Nayantara Sahgal (L) and Ashok Vajpeyi: Both returned their Sahitya Akademi awards
The autumn of 1975 was a turbulent one. It was the autumn when Emergency was imposed. Having resigned from the office of Additional Solicitor General of India in protest against its imposition, the celebrated jurist Fali S Nariman would spend his quiet evenings at Delhi's Nehru Park. Occasionally, he would be joined in his evening walks by the then High Commissioner of Australia Mr Bruce Grant.
In his autobiography Before Memory Fades, Nariman recalls one such walk and documents what the High Commissioner told him of his encounter with Indira Gandhi:
"Indira Gandhi had expressed shock and surprise at the total lack of resistance among people to the Emergency. She particularly mentioned... that she was more amazed at the lack of reaction among the intelligentsia!"
Nariman later writes in his autobiography:
"When times are bad, this category -- the intelligentsia --is the most despicable in all countries. It is the intelligentsia that has both the capacity and inclination to rationalise the tyranny."
These words of Nariman merit consideration, and the wisdom of the past always serves as the lesson for the present and the future.

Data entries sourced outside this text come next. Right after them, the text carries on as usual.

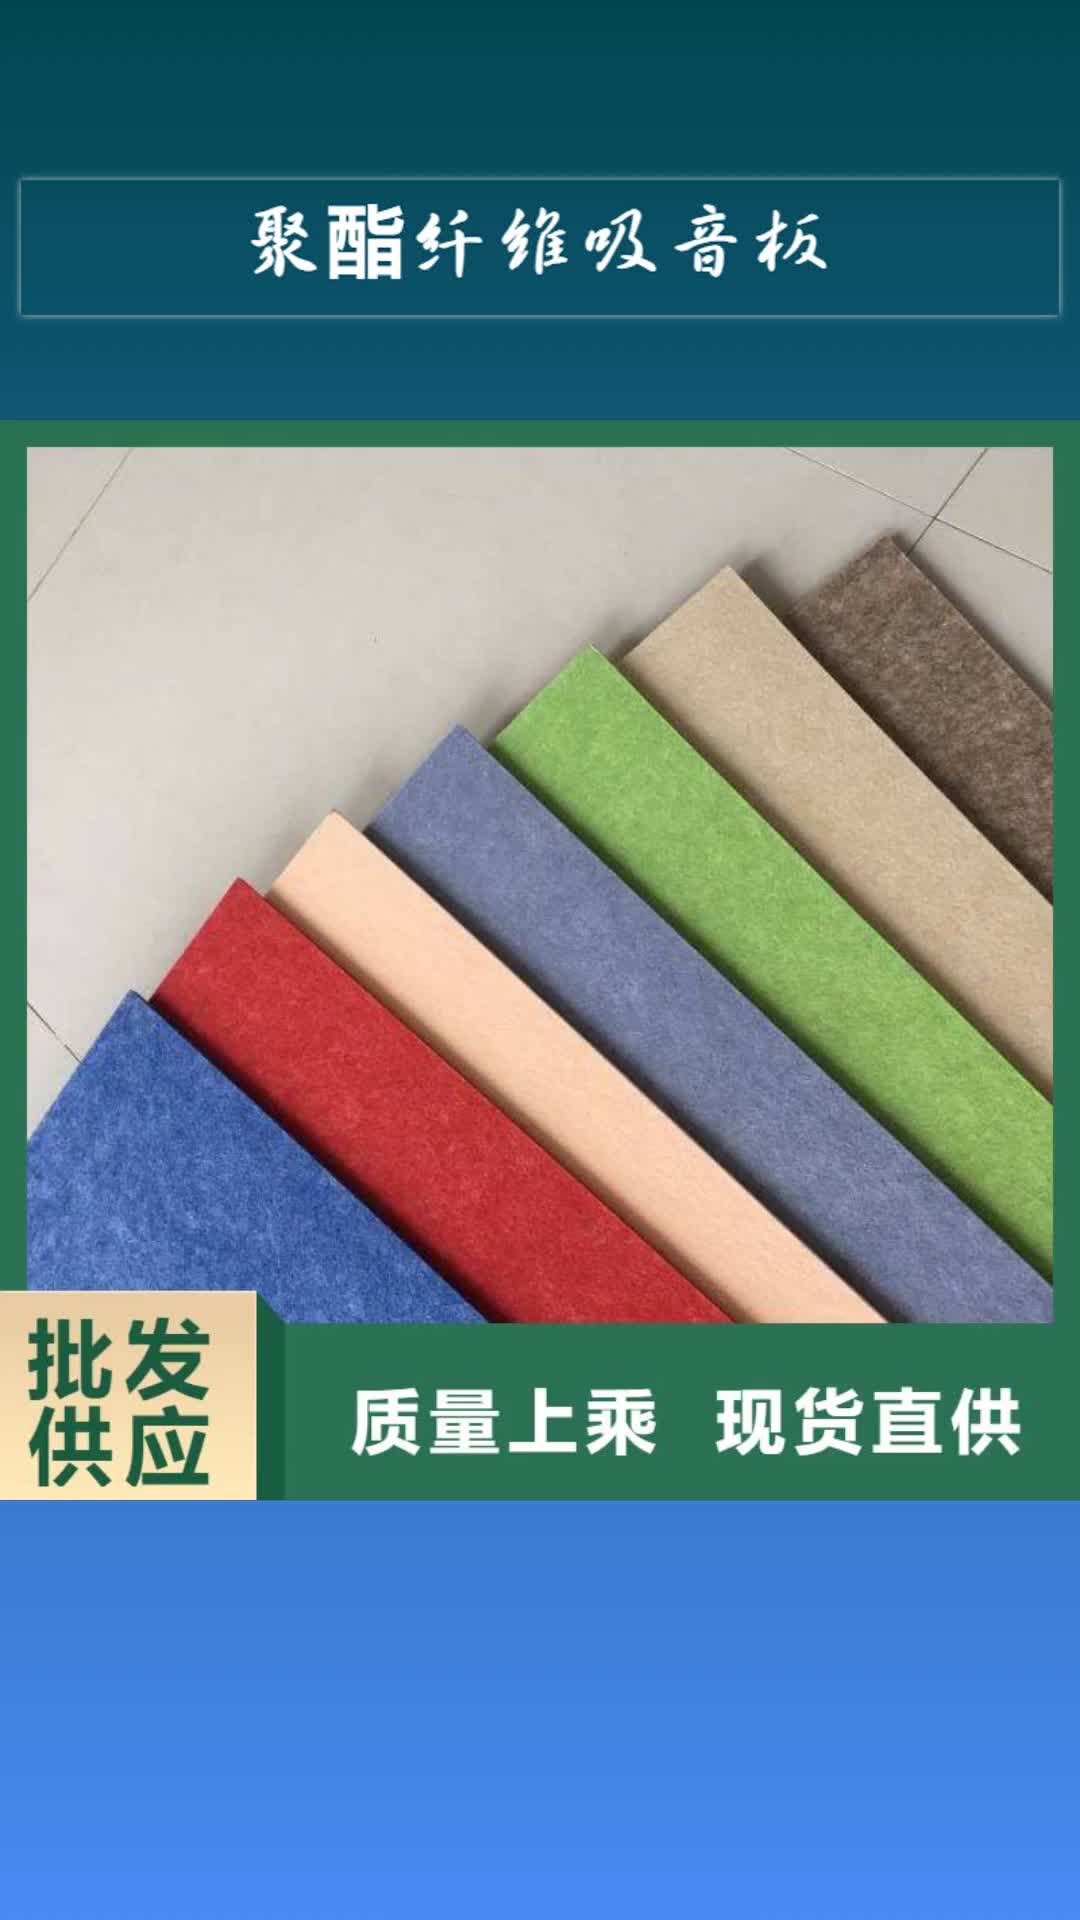 北京 聚酯纤维吸音板【生态木长城板】细节展示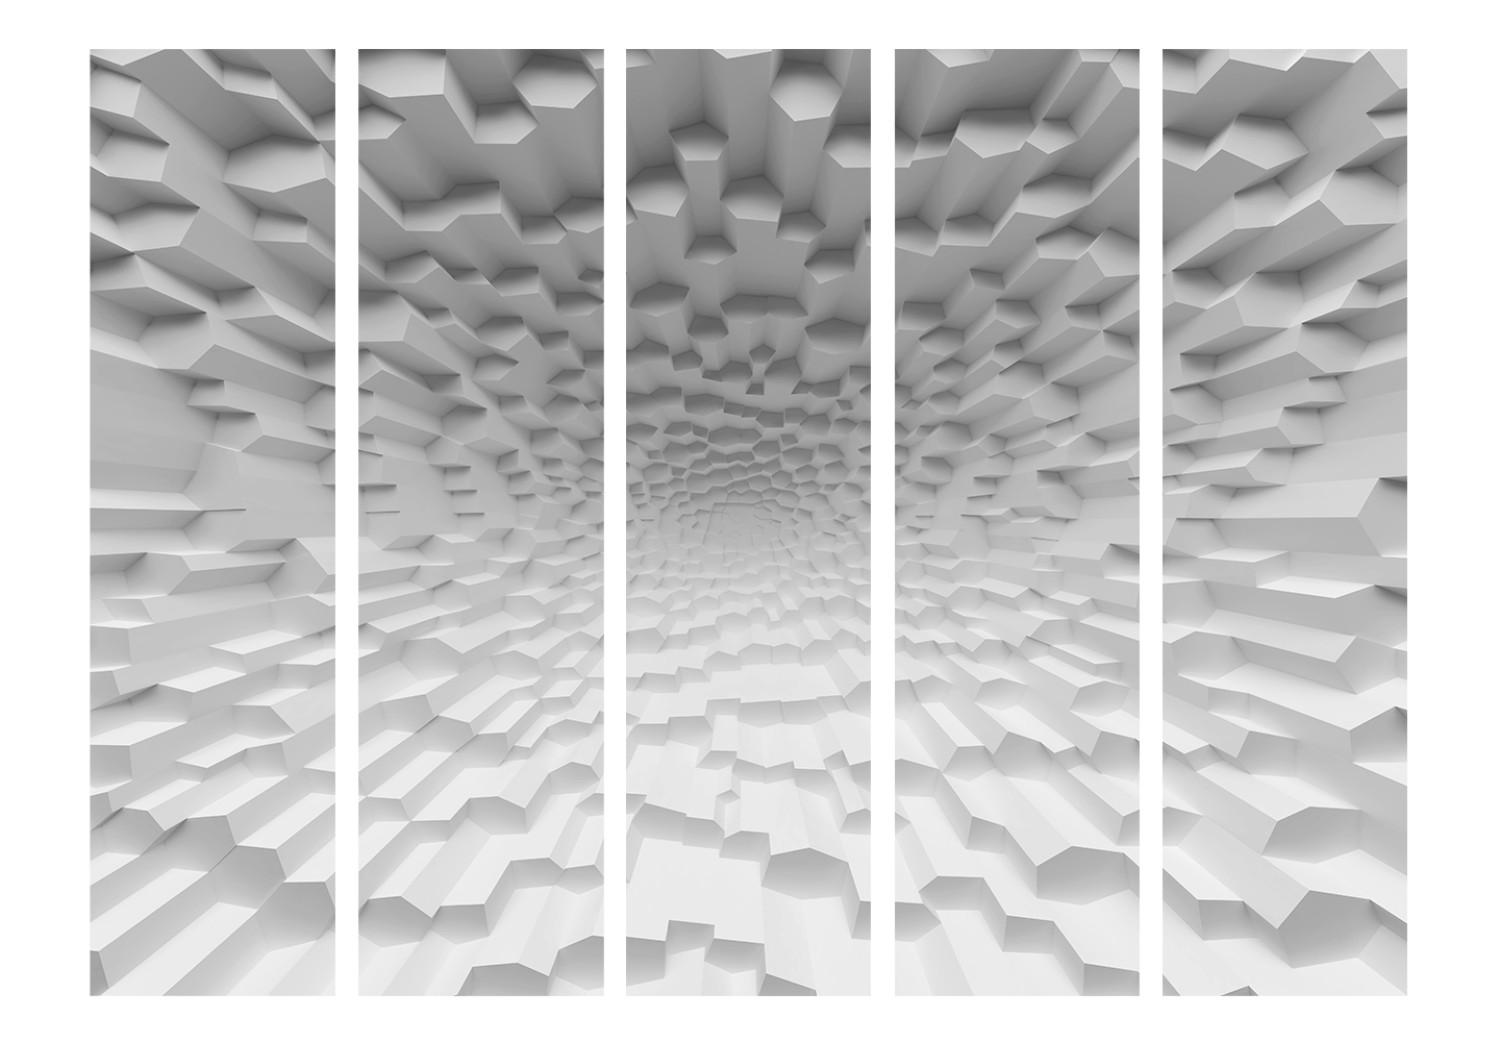 Biombo original El abismo del olvido II: túnel blanco interminable y abstracto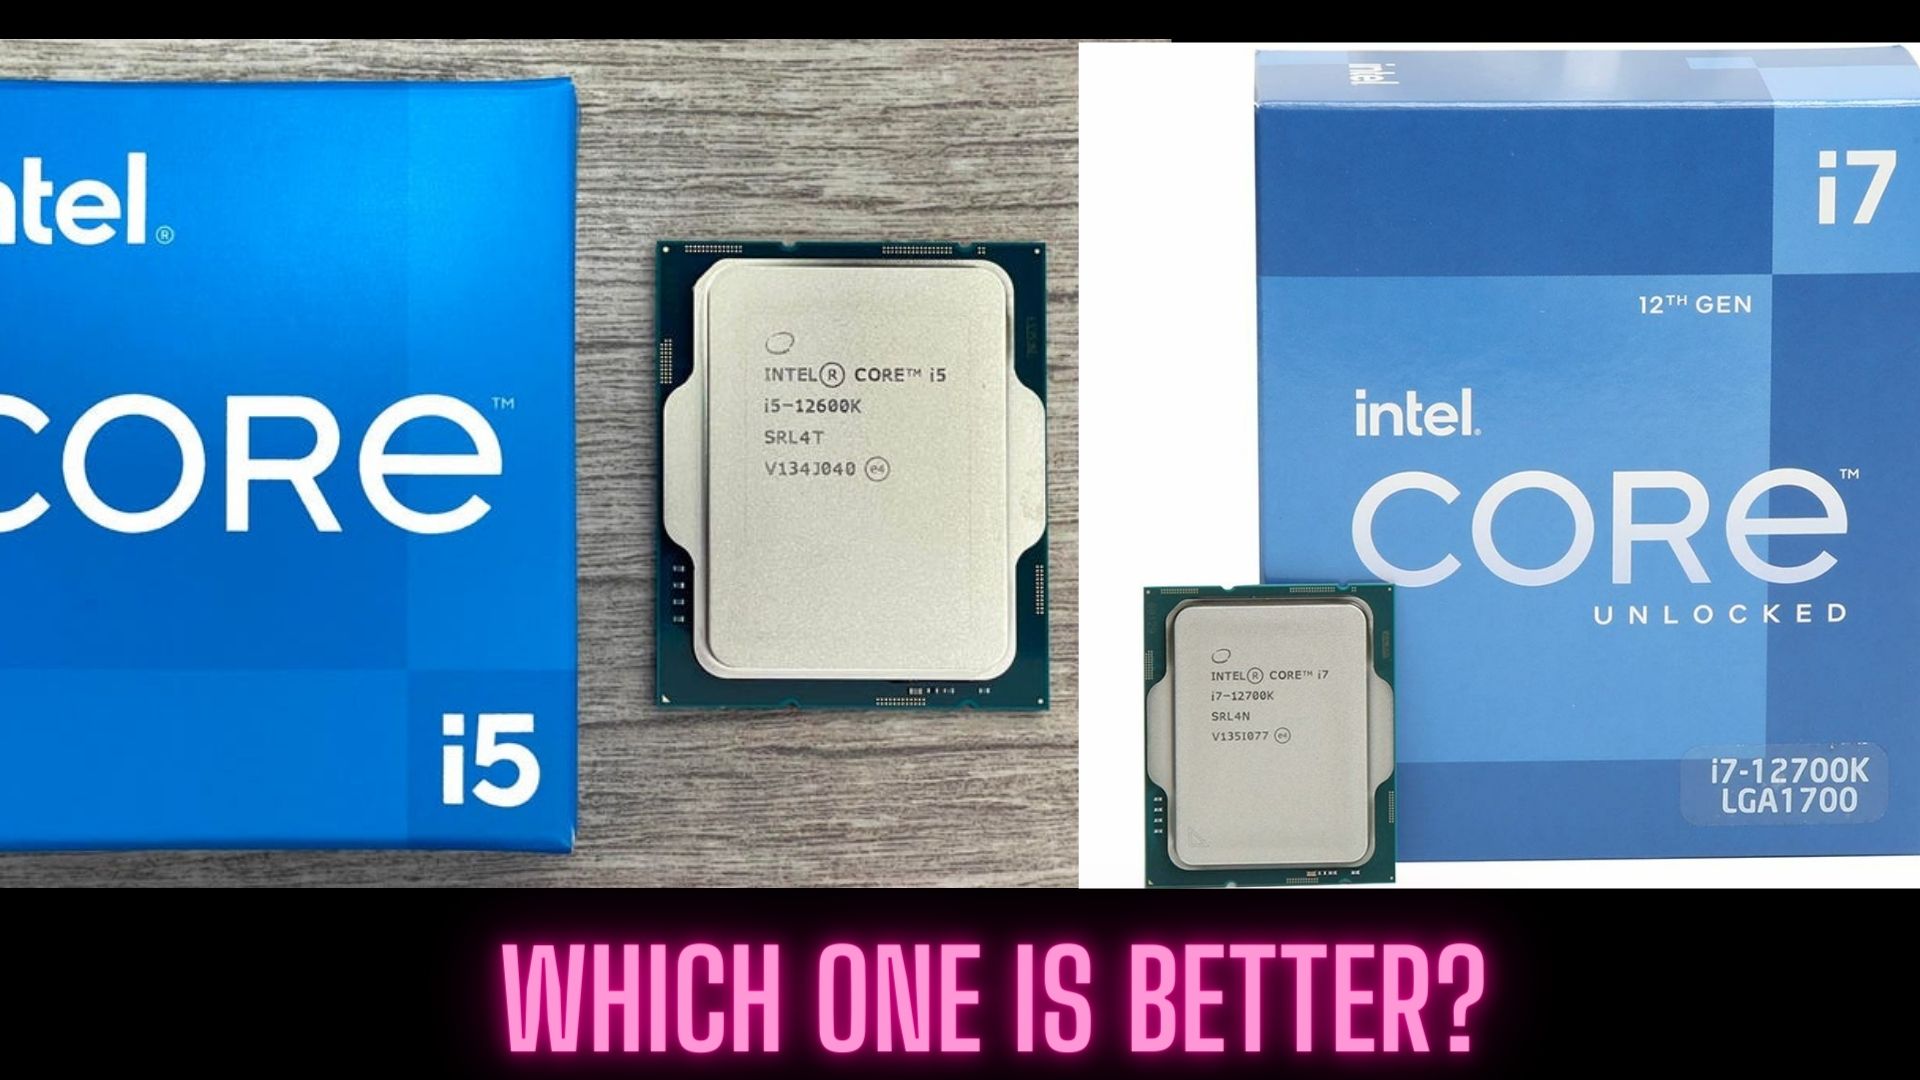 Intel Core i5-12600K Processor 3.60 GHz 10 Cores LGA 1700 SRL4T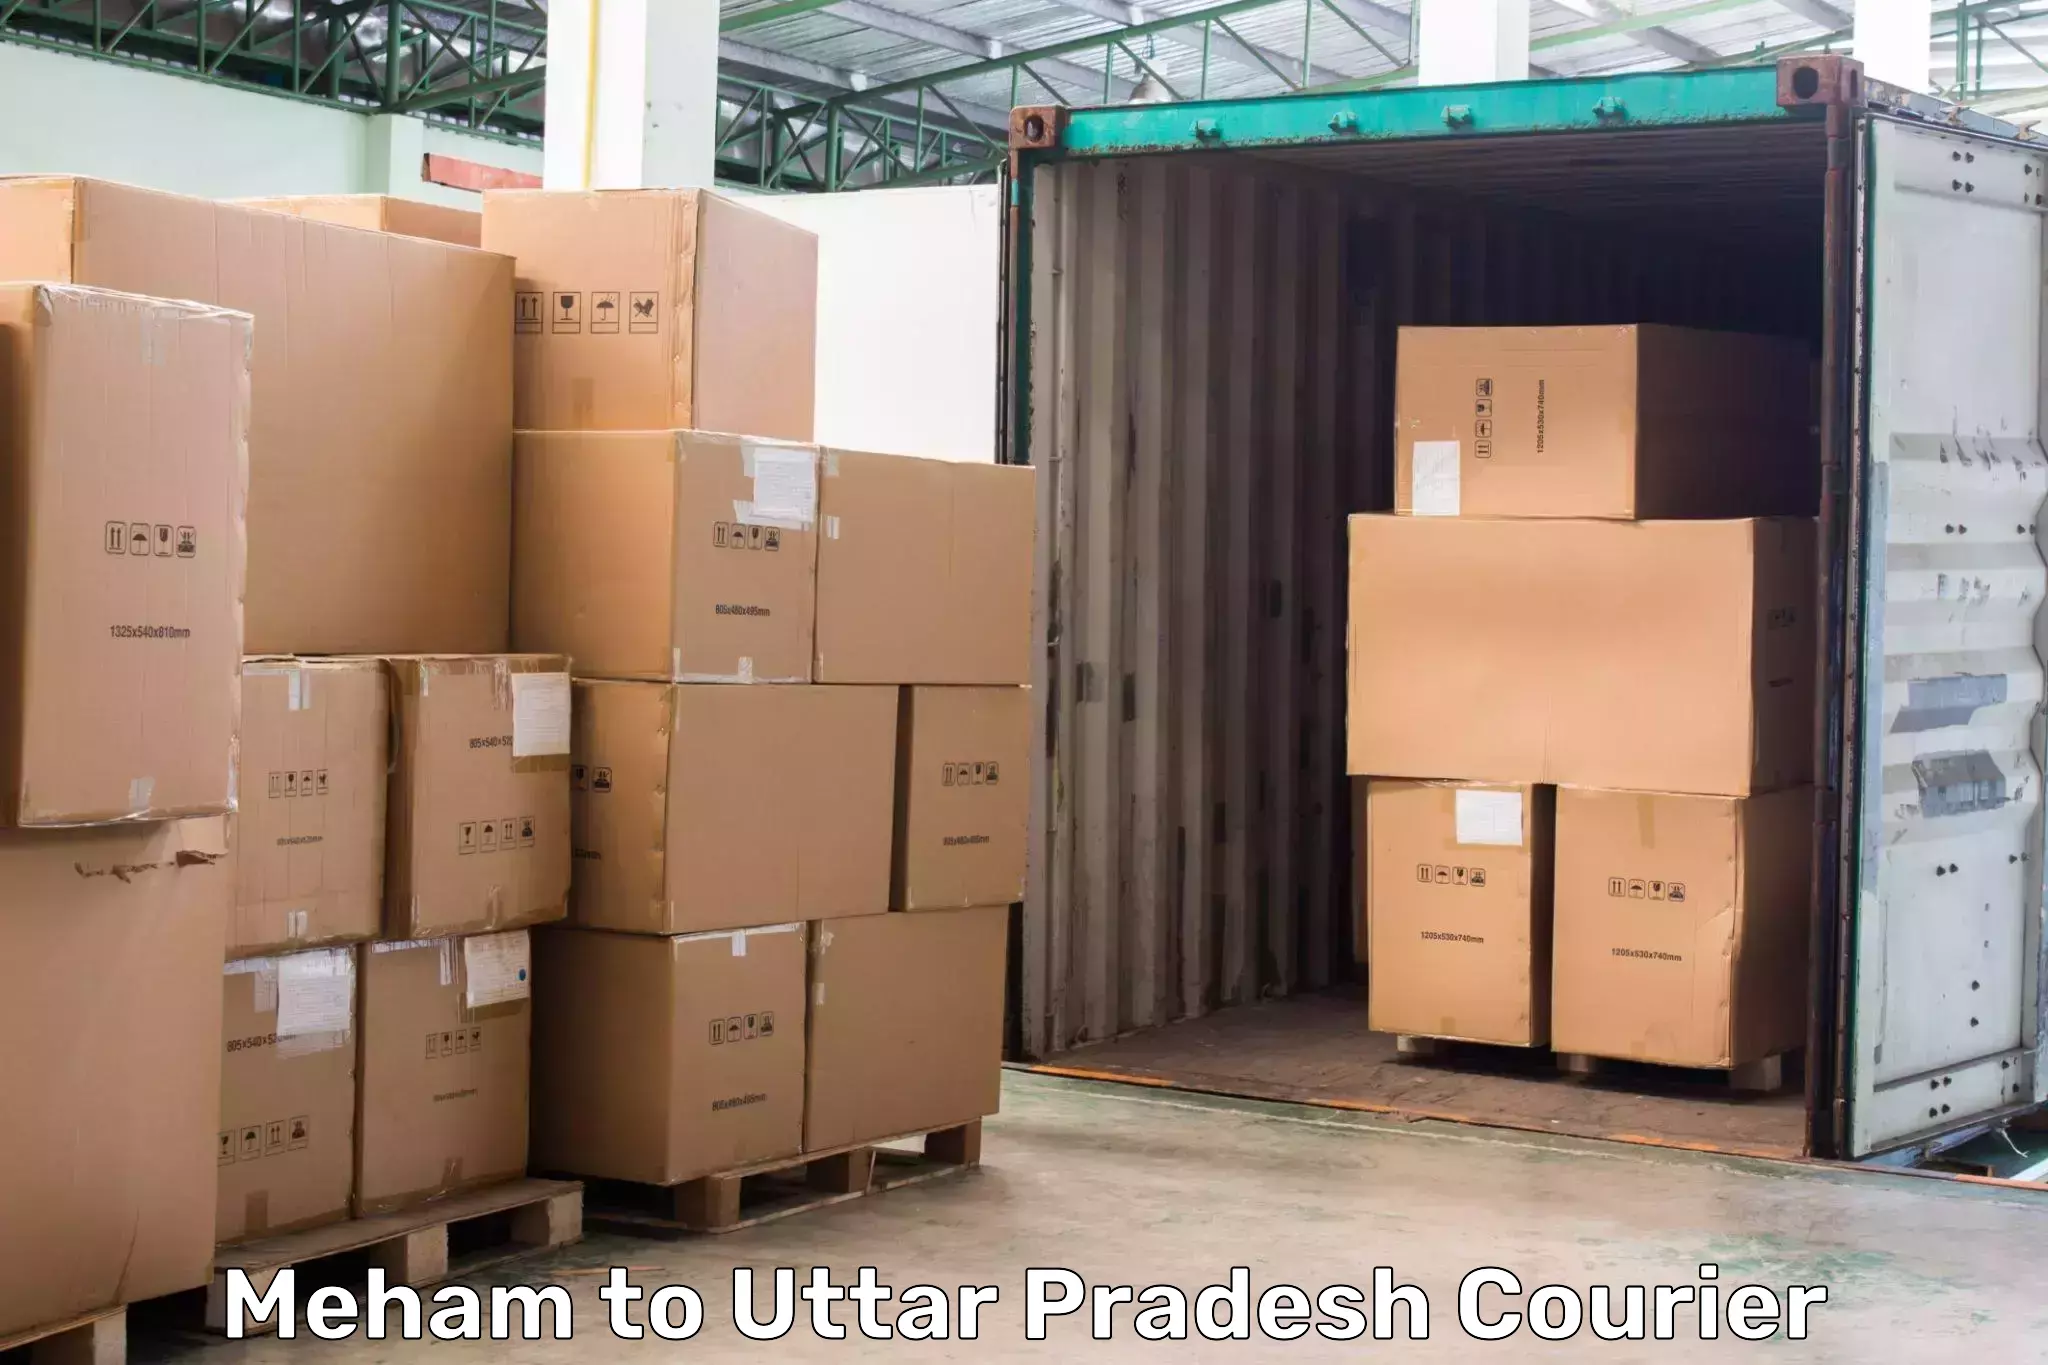 Doorstep delivery service in Meham to Sahatwar

I am neither being alarmist nor presumptuous enough to imply that we are headed to times as hard and as detestable as the imposition of Emergency. However, I am sensible enough not to dismiss as a careless trifle the voice of the intelligentsia, especially when it breaks the academic inertia and intellectual lethargy that Nariman is alluding to.
A debate has ensued since a series of decorated academics and members of the intelligentsia returned their awards in protest against the establishment for seemingly condoning acts of intolerance.
The issue is politically charged. However, its ramifications extend beyond the arena of partisan politics and into the wider realm of sociology and political philosophy of the country.
Therefore, steering safe of the partisan debates, we must dwell upon several wider aspects of the debate.
Certain political commentators and politicians like Shashi Tharoor, while upholding the spirit of protest, have criticised the method of protest. These detractors hold that returning a literary or an academic decoration serves the intended purpose less than it communicates contempt and a dishonour of the award.
Such arguments may have logical merit but may not carry much substance especially in view of the tremendous gravity of the situation. The act of returning an award is not simply an issue of honour or dishonour of that award. The act is a bold statement that the intelligentsia, having sensed the pulse of the times, has dared to make. The grammar of the statement may be questioned but neither its gravity nor its substance can be dismissed or diminished in any way.
A second criticism is rather more serious. The Hon'ble Finance Minister, in a Facebook post described the movement as "manufactured revolt" and dismissed the protestors as politically motivated and ideologically biased.
The Hon'ble Finance Minister has described the movement as a "manufactured revolt" and the protestors as politically motivated and ideologically biased. (Source: SIFY, Image Courtesy: Satish Acharya)
While it cannot be denied that a few of these academics have shown a particular ideological bent in the past, this can in no way be used to assert that their standpoint is illegitimate or their collective statement lacking in merit.
After all, it is the intelligentsia which has been the conscience-keeper of all social and political ideologies. All great ideologies that shaped the world and sculptured history were once incubated in the warmth of university campuses and nurtured by the hands of academics.
If the flawed logic of the Finance Minister's arguments is accepted, it would mean that no ideological protest can ever be held legitimate. One could use grounds similar to Jaitley's to dismiss the ideological reaction against Hitler's anti-Semitism as "ideologically motivated" or "politically manufactured". One could on similar grounds have rejected the ideological upsurge against the tyranny of Mao Zedong or choked the voices of perestroika (reform) and glasnost (openness) under the communist dictatorship of the USSR.
The Hon'ble Finance Minister's argument is found wanting on two counts. First, the very premise that the voices of academics are politically motivated, and not the voices of their conscience, is politically biased. Second, even if there is a political aspect to the statement that the intelligentsia is attempting to make by returning decorations, it in no way delegitimises or blemishes their standpoint or weakens the strength of their arguments.
Jurist Nariman was absolutely right in saying that the intelligentsia is despicable when it displays "both the capacity and the inclination to rationalise tyranny." However, his postulation was incomplete, for he forgot to add that it is only the intelligentsia that also wields the capacity and inclination to resist tyranny.
It is the intelligentsia which, like in any other country or society, is the conscience-keeper of the very idea of India and the sanctuary of the fundamental philosophy of the nation.